Defender direitos humanos é, antes de tudo, defender a vida. Trata-se de uma atuação concreta, ancorada em territórios, comunidades e realidades marcadas por desigualdades estruturais. São defensoras e defensores que atuam na defesa do direito à terra, ao território, à moradia, ao meio ambiente, à liberdade de expressão, à igualdade racial, de gênero e orientação sexual, entre tantos outros direitos fundamentais.

Em Minas Gerais, defensoras e defensores de direitos humanos atuam diariamente na defesa da vida, da dignidade e da justiça em seus territórios e comunidades. Sua atuação sustenta, na prática, o compromisso com os direitos humanos como valores universais, indivisíveis e inegociáveis. Os direitos humanos só existem porque alguém os defende.

Esse contexto de atuação, no entanto, é atravessado por estratégias recorrentes de criminalização das pessoas defensoras de direitos humanos. A perseguição judicial, política e social produz efeitos intimidatórios e paralisantes, afetando não apenas indivíduos, mas também suas famílias, coletivos e comunidades.
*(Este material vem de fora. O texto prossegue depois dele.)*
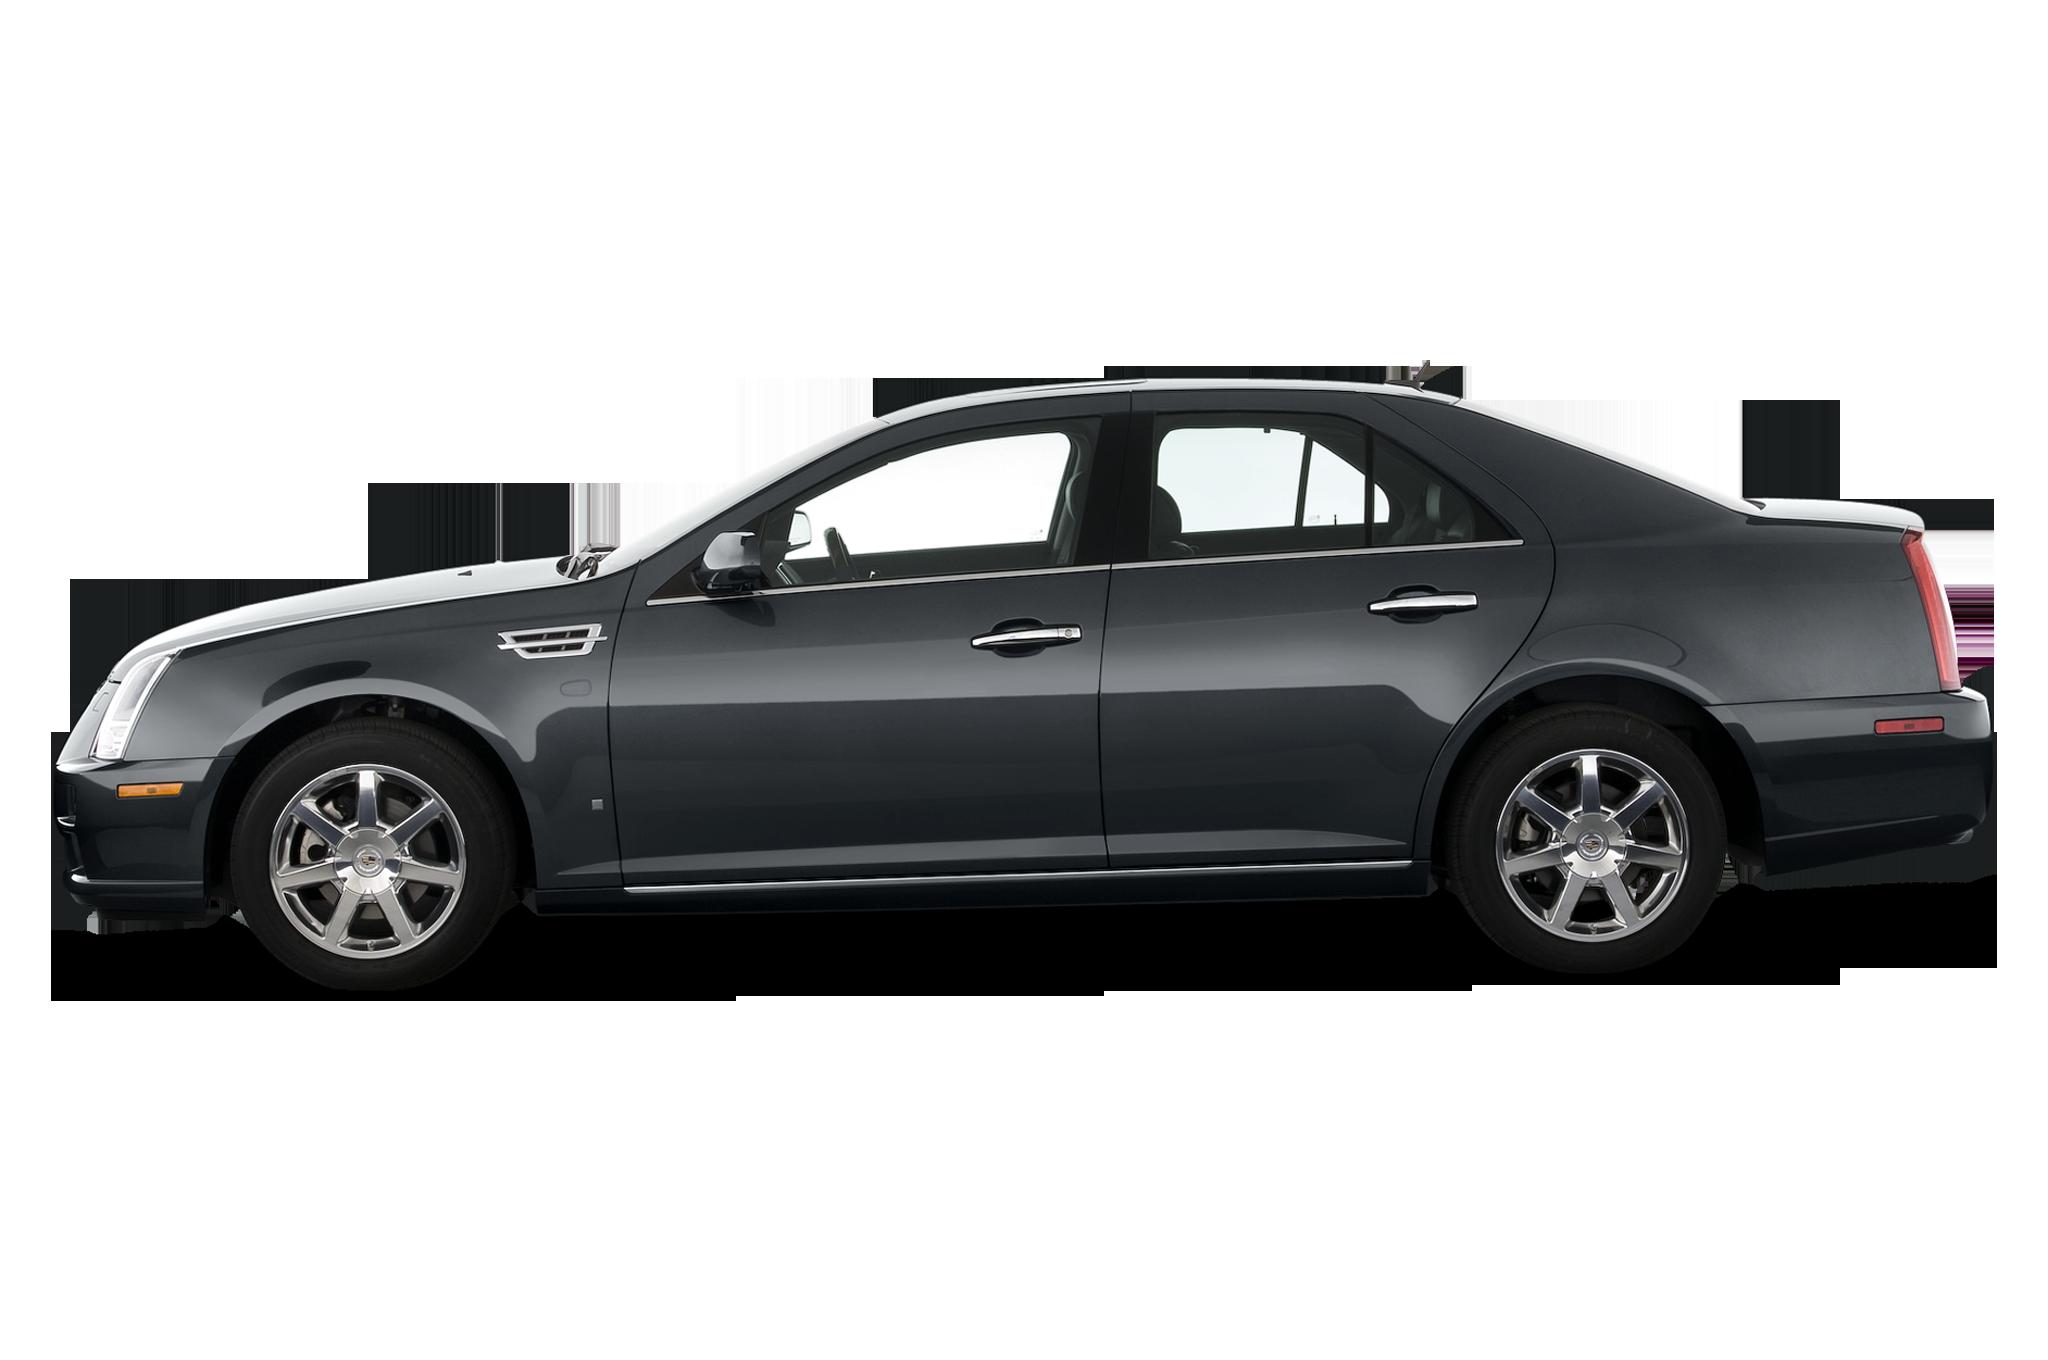 performance angular sport luxury rear wagon review sedan cadillac cts sts news l

No caso das mulheres defensoras de direitos humanos, esses impactos se manifestam de forma ainda mais intensa, devido às desigualdades de gênero, à sobrecarga de responsabilidades e às violências específicas que incidem sobre suas trajetórias de vida e atuação.  

É ao lado dessas pessoas que atua o Programa de Proteção aos Defensores de Direitos Humanos, Comunicadores e Ambientalistas de Minas Gerais (PPDDH MG). O Programa tem como missão proteger quem defende direitos humanos, reconhecendo que essa atuação não pode representar risco à vida, à integridade física, psicológica ou moral. Proteger defensoras e defensores é uma condição indispensável para a garantia dos direitos humanos e para o fortalecimento da democracia.

Neste 9 de dezembro, o Instituto DH, por meio do PPDDH MG, reafirma seu compromisso com a proteção, o cuidado e o reconhecimento das defensoras e defensores de direitos humanos. Celebrar esta data é também reafirmar que a defesa da vida, da dignidade e da justiça depende da existência de políticas públicas sólidas e comprometidas com quem atua na linha de frente da promoção dos direitos humanos.

Reconhecer, proteger e valorizar defensoras e defensores de direitos humanos é reconhecer que defender direitos humanos é defender a vida.